Texas and Arkansas are taking the lead in the case, but Landry is joining in, along with attorneys general from Alabama, Arizona, Colorado, Florida, Idaho, Indiana, Kansas, Kentucky, Michigan, Montana, Nebraska, Nevada, North Dakota, Ohio, Oklahoma, South Carolina, Utah and West Virginia.

Landry joined Arkansas Attorney General Leslie Rutledge and Texas Attorney General Ken Paxton, along with the other 18 states. At a minimum, the suit alleges that Delaware has approximately $200 million that rightfully belongs to other states under the federal Disposition of Abandoned Money Orders and Traveler’s Checks Act. The final dollar figure may actually be much higher.

"This practice not only violates federal law, but it's wrong and unfair," Texas Attorney General Ken Paxton, who announced the suit in front of the U.S. Supreme Court, said. "The bottom line is simple: Delaware is ignoring federal law for financial gain."

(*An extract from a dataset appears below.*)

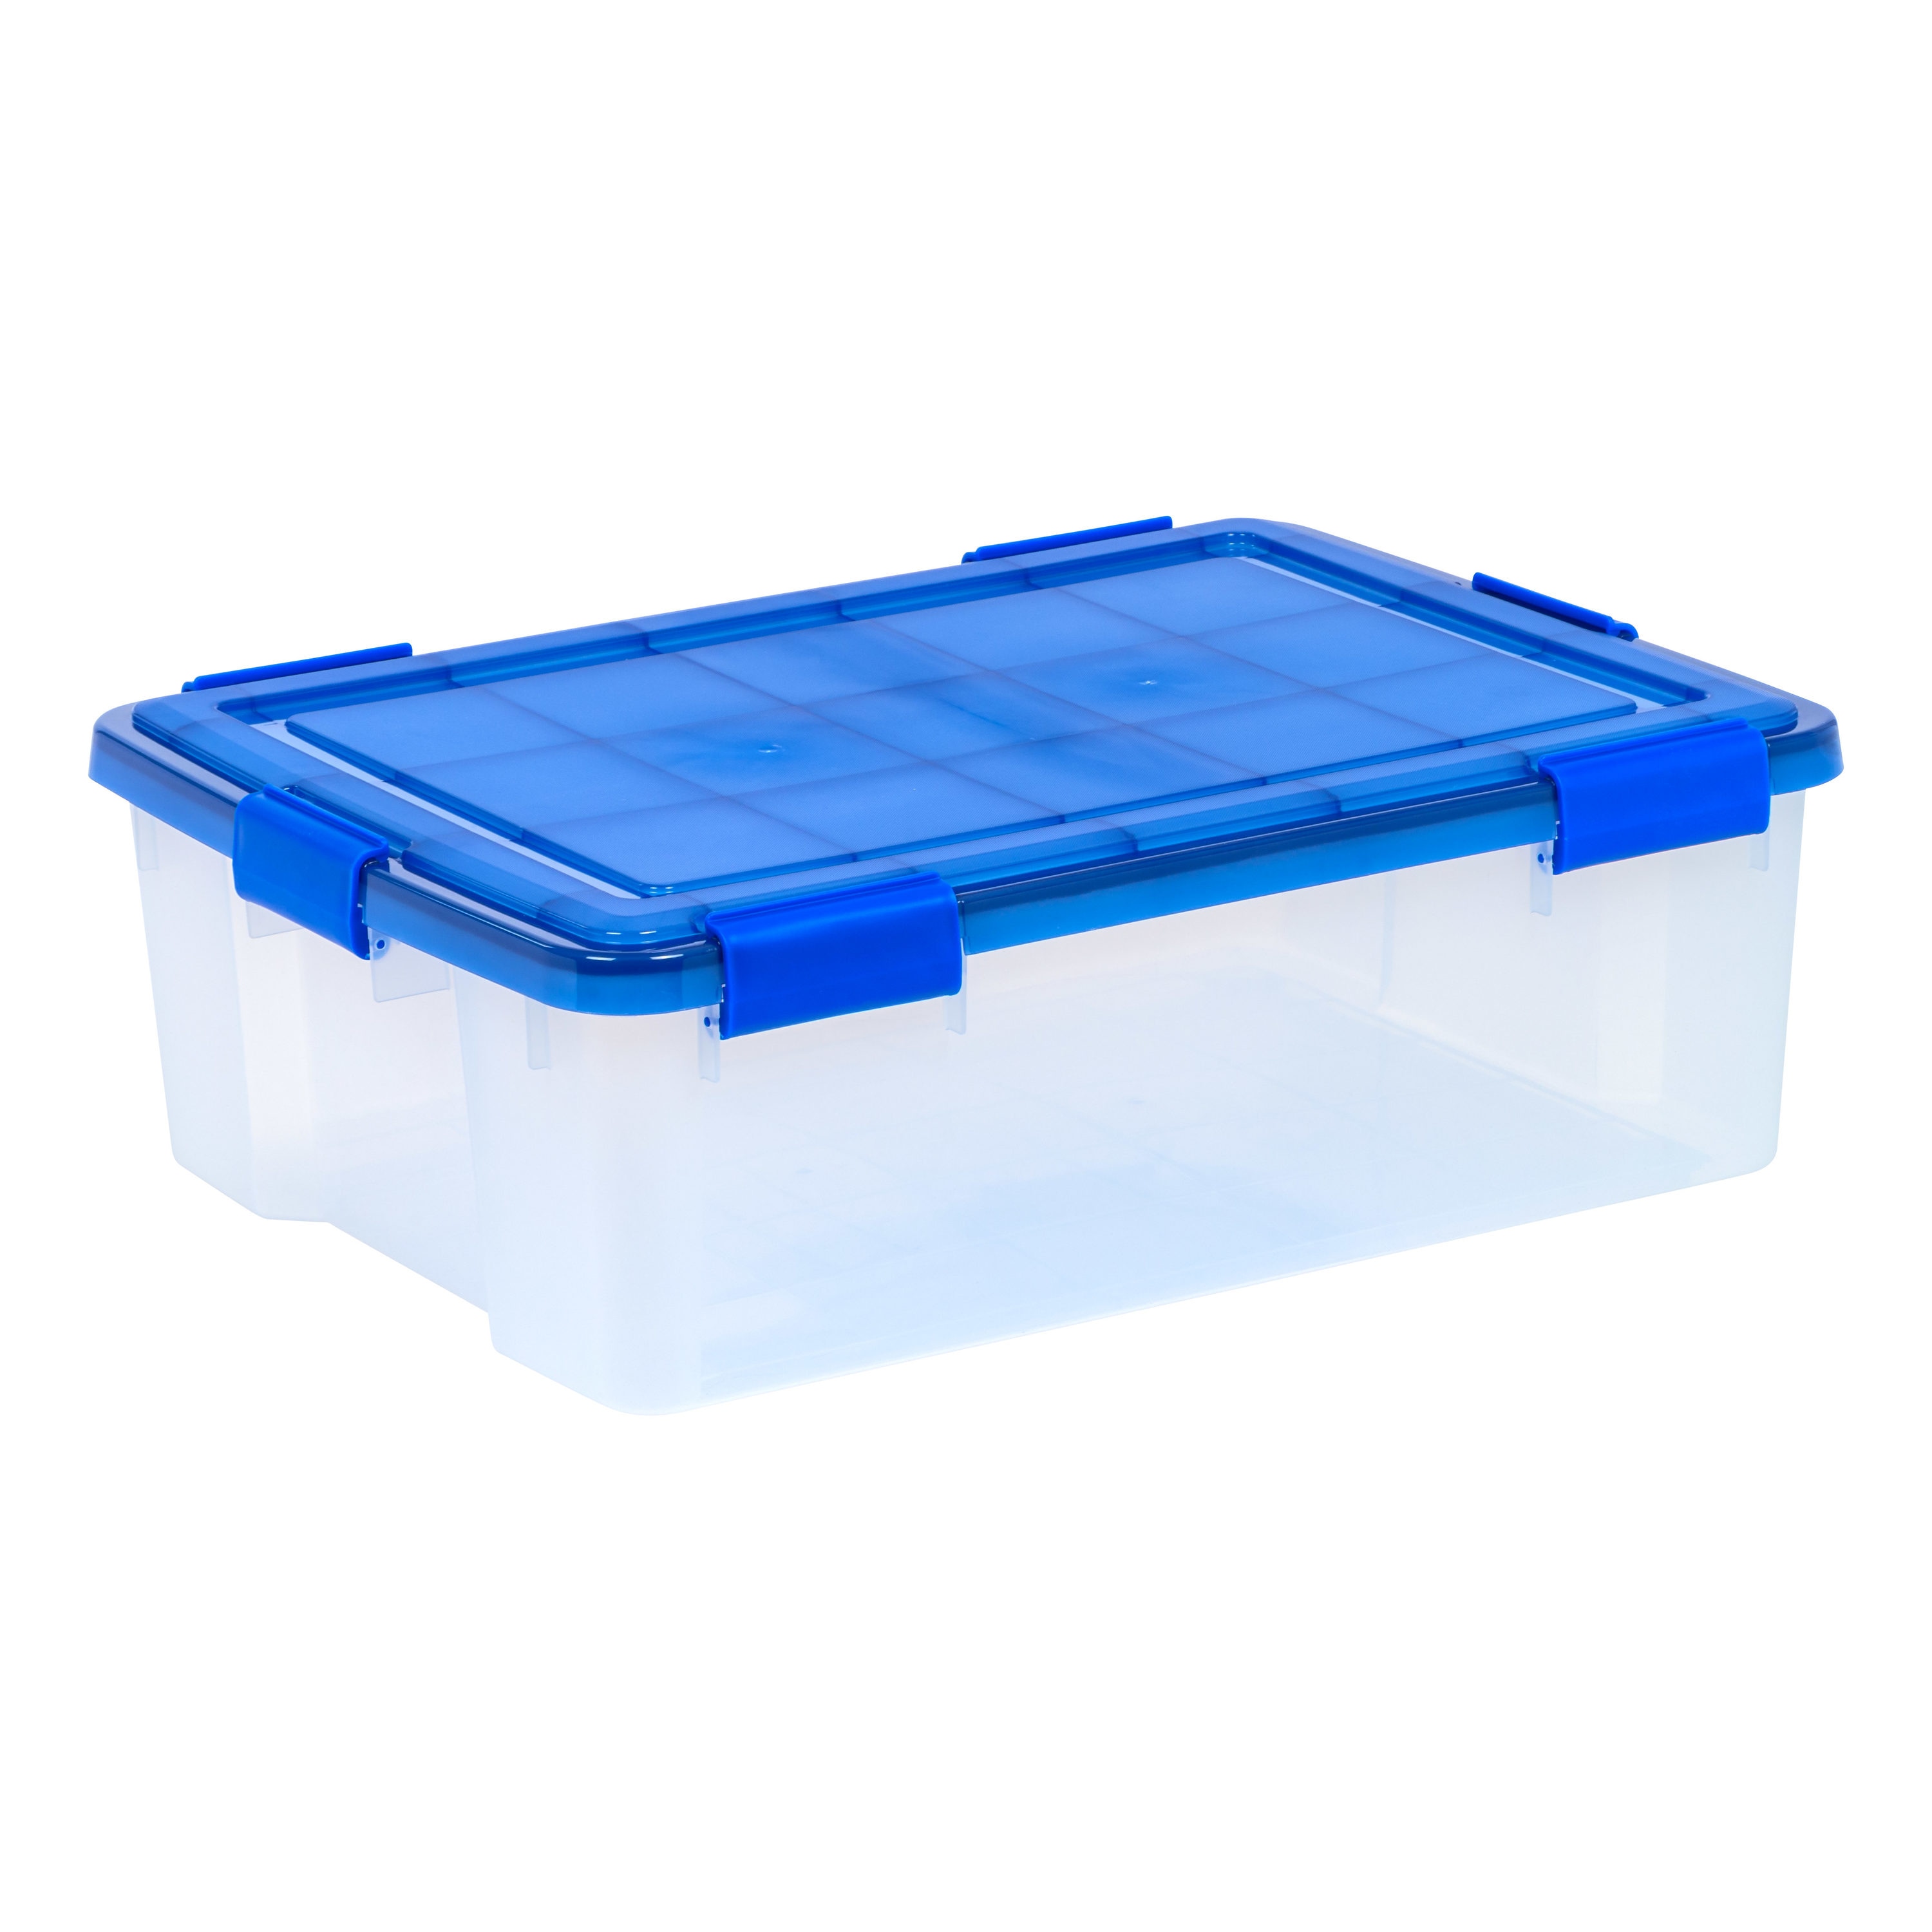 Iris USA Portable Project Case for 8 x 8 Paper - ShopStyle Baskets & Boxes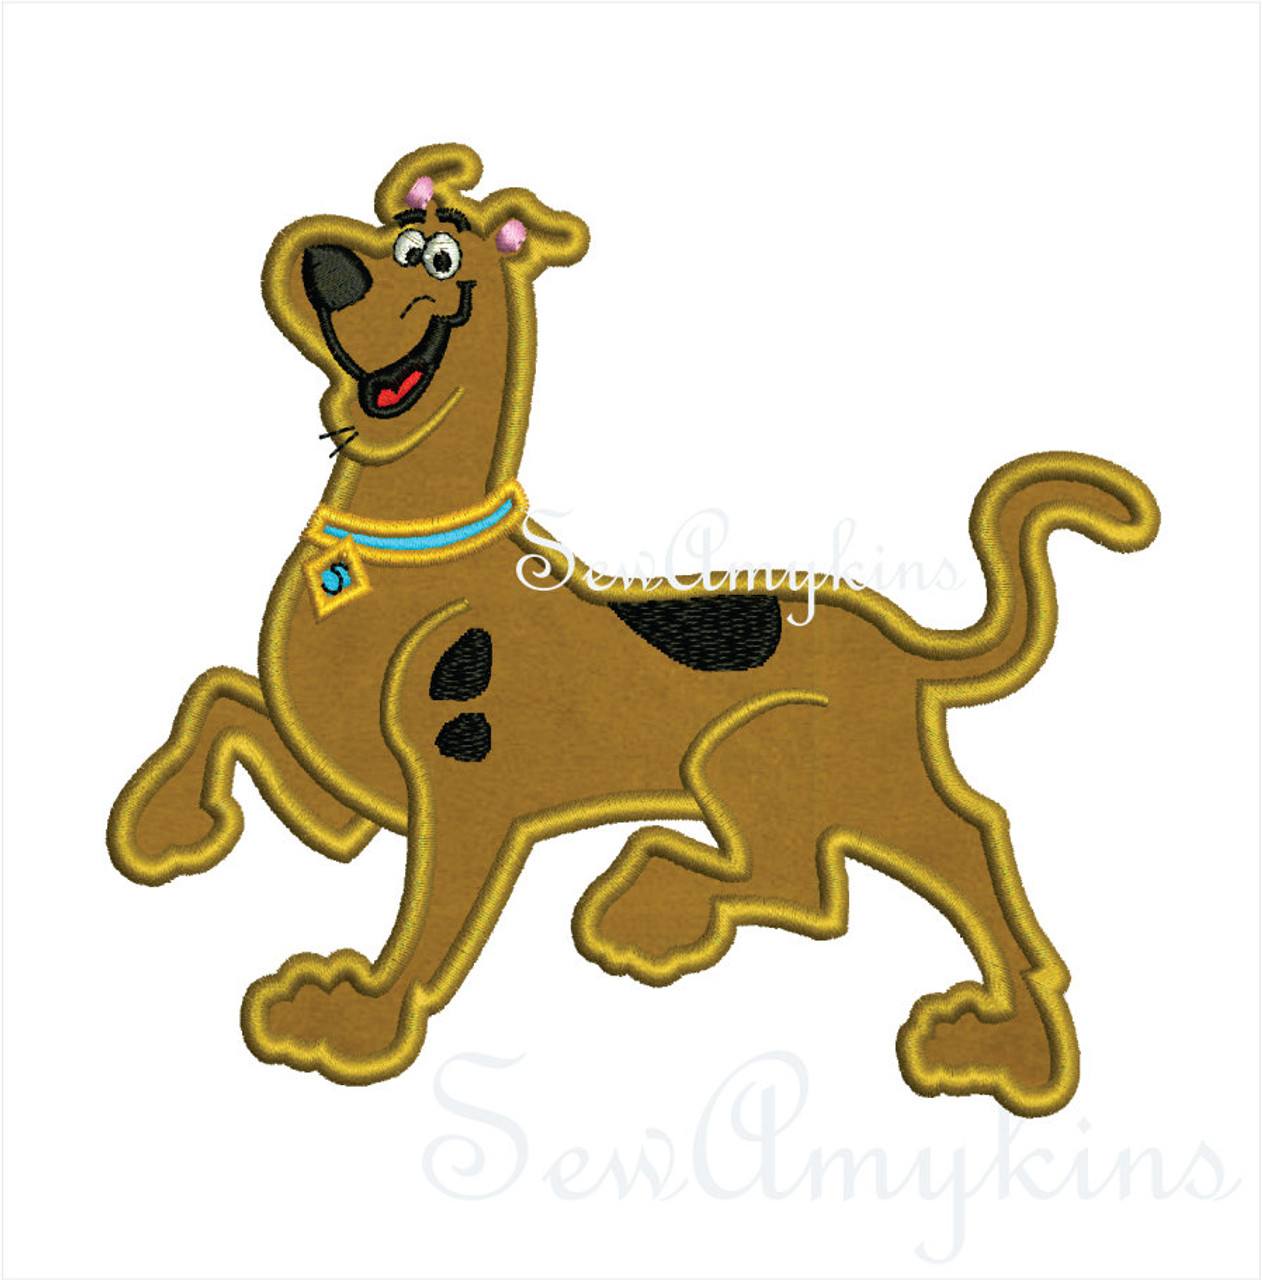 Scooby Doo applique embroidery design - SewAmykins

The plaintiff states are asking the Supreme Court to declare that they, and not Delaware, are entitled to the hundreds of millions of dollars turned over to Delaware, and to all future similar abandoned and unclaimed property. They are also asking the court to order the appropriate repayment to plaintiff states by Delaware.

The suit stems from an independent audit earlier this year that examined a series of abandoned “official checks” from MoneyGram in a select group of states and concluded that nearly $200 million was owed to those states.

The suit alleges both Delaware and MoneyGram routinely ignored the law. An audit commissioned by the group of states alleges that MoneyGram is also at fault, as they went against what is required by law by rendering the unclaimed checks to Delaware.

Delaware, on the other hand, wonders why these states did not intervene in previous suits other states have brought against it, and one already brought to the U.S. Supreme Court.

“This issue has been the subject of two prior lawsuits, filed by Pennsylvania and Wisconsin, against Delaware in federal district courts earlier this year," Thomas Cook, Delaware's secretary of Finance, said in a statement. "Delaware disputes the allegations in those suits and, to bring some clarity to this issue, filed an action in the U.S. Supreme Court last week to resolve the outstanding legal question."

Pennsylvania and Wisconsin are not among the 21 states in the current suit.

 “This is a dispute among states over which state has the priority to property escheated to the State of Delaware in good faith by MoneyGram," MoneyGram said in a statement. "MoneyGram will comply with the decision made by the U.S. Supreme Court.”

Louisiana could be owed up to $2 million if the states win the suit.